Review of 2019 priorities from last TPAC starting

https://docs.google.com/document/d/1UE2KB7gvaEw5gvp4aAQNS9TrFYmnzgDzh5Sr4LQqaQo/edit?usp=sharing

Review of 2019 priorities from last TPAC starting

<zcorpan> scribenick: zcorpan

zcorpan: documentation has been worked on

lukebjerring: i like the improved docs!

AutomatedTester: improve debugging, this has to do with reftests
... improving tooling about getting debugging info out

jgraham: duplicate with the later bullet point

JohnJansen: last year i couldn't figure out how to debug a test in python

ato: multiprocess debugging in python is fundamental limitation

JohnJansen: nobody knows how to debug a test running through wptrunner?

jgraham: in wdspec test?

JohnJansen: yes

jgraham: i don' tknow how to do that

foolip: printf()

jgraham: dunno if something spins up a new python process

gsnedders: yes

jgraham: maybe pause before the process starts and get the process id

JohnJansen: reftests have clearly improved in wpt.fyi

ato: pytest subprocess
... command line flag to something something

jgraham: the wdspec case is really one process, other things is waiting on it
... if waiting time is indefinite, which i think we can, then it could work

ato: also webdriver related timeouts you need to tweak

jgraham: for other test types we try to do that
... disabling timeouts when running gdb debugger

ato: we've set timeout multiplier to something very high

lukebjerring: feature request?

JohnJansen: i'm logging one

foolip: async_cleanup is major thing that happened
... how many have used reftests?

(show of hands)

<BitBot> (14wpt) [issue] thejohnjansen opened 13#19073: We need a way to attach a debugger to the executing test when run from wptrunner - https://git.io/JeOUk

gsnedders: "has the assignee reviewed" is a metric we can check

<JohnJansen> I logged an issue for debugging tests: https://github.com/web-platform-tests/wpt/issues/19073

foolip: i set a filter to prio PRs where i'm assigned

<Hexcles> https://github-health.appspot.com/

lukebjerring: for people who use github-health this helps

jgraham: interesting to see if it's working for ppl who are not on infrastructure

<ato> What Mozilla uses: https://addons.mozilla.org/en-US/firefox/addon/myqonly/

foolip: i look at things i'm assigned to

zcorpan: me too, or reassign

<ato> Shows a notification in your browser for GitHub items you are assigned to.

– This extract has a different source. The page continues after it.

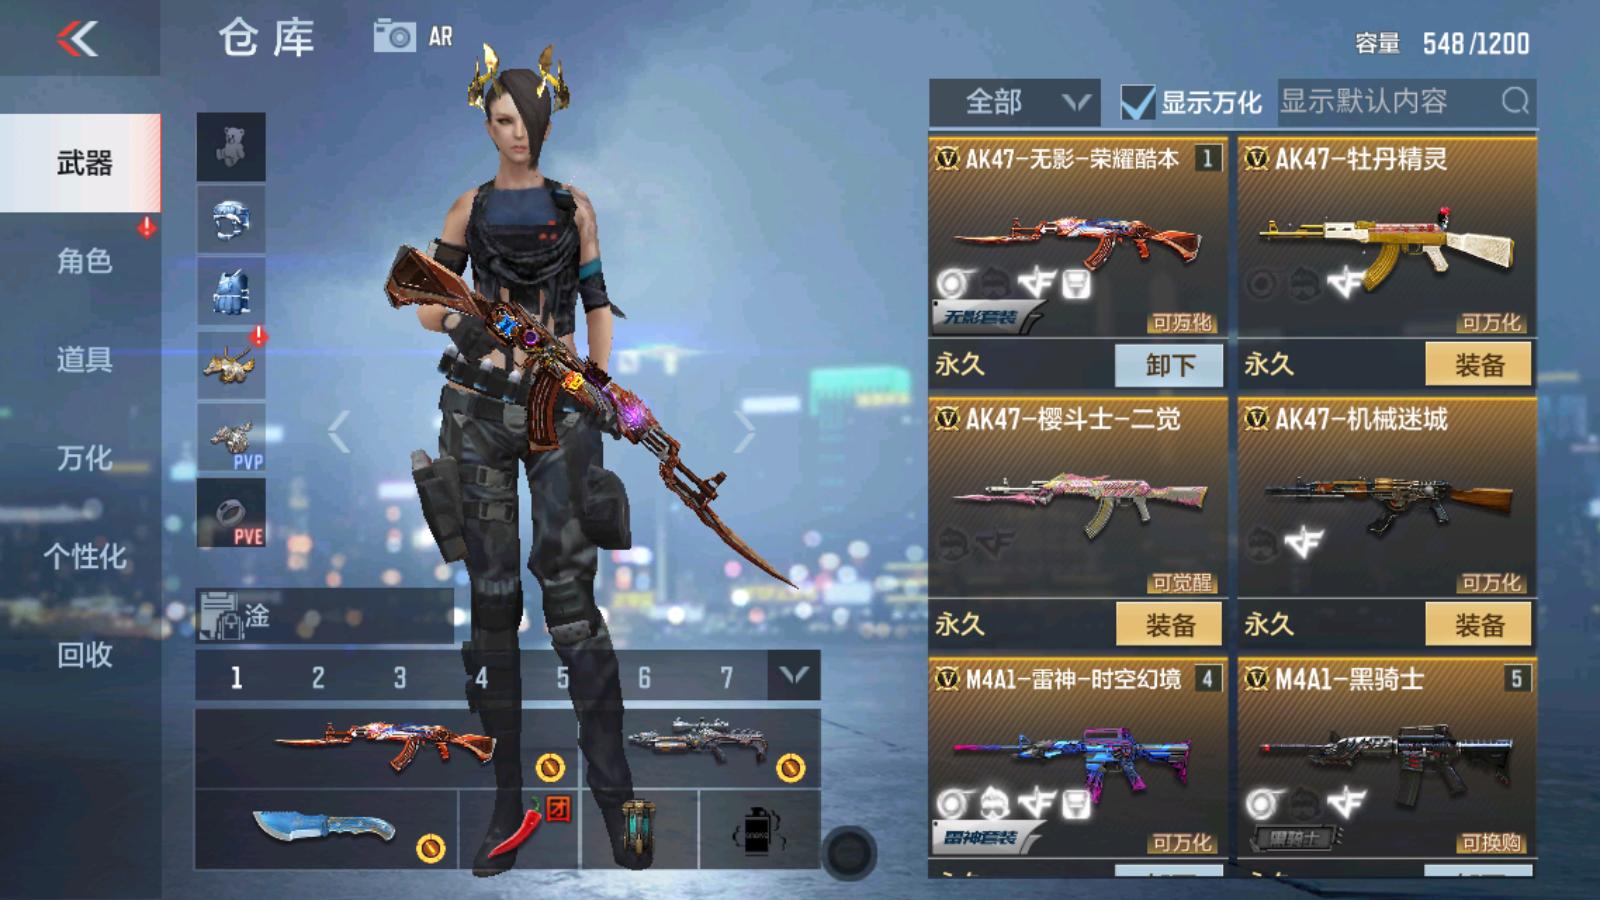 V3,31V,无影套装,毁灭套装,雷神套,详情看图~!!!

foolip: ideas for wpt-pr-bot?

jgraham: improved a bit, but hasn't shifted a lot

gsnedders: how many of the 250 PRs from 2017 are still open?
... we need people who work on the web features in question to review them
... we've tried for years

foolip: teaching people how to do email filtering works

<foolip> zcorpan: we know that new contributors don't have a good time

<AutomatedTester> scribenick: foolip

zcorpan: their PRs are stuck for years
... do we want their contributions from people who don't already work on browser engines?
... if the answer is no we shouldn't pretend that we accept PRs, but if we do we should allocate time to do the review

jgraham: the problem is who are the we who should do the reviews?
... ownership is fine-grained and we don't have a way to enforce that people do their job

zcorpan: we can explore incentives to do reviews, like celebrate those who do the most reviews

<jorydotcom> +1

<zcorpan> jgraham: it might be not worthwhile in the moment, but in the long run it may be

<zcorpan> jgraham: choice between possible impact over a long period vs definite impact over short period

<zcorpan> ato: are we sure that a stale review has been considered

<zcorpan> ato: if nobody has looked at it, how do we know if it's important

<zcorpan> miketaylr: has anyone retriaged?

<zcorpan> miketaylr: might be 50 out of the 440 that are amazing

<zcorpan> jgraham: i think we classify things in terms of their status (waiting for review, waiting for OP)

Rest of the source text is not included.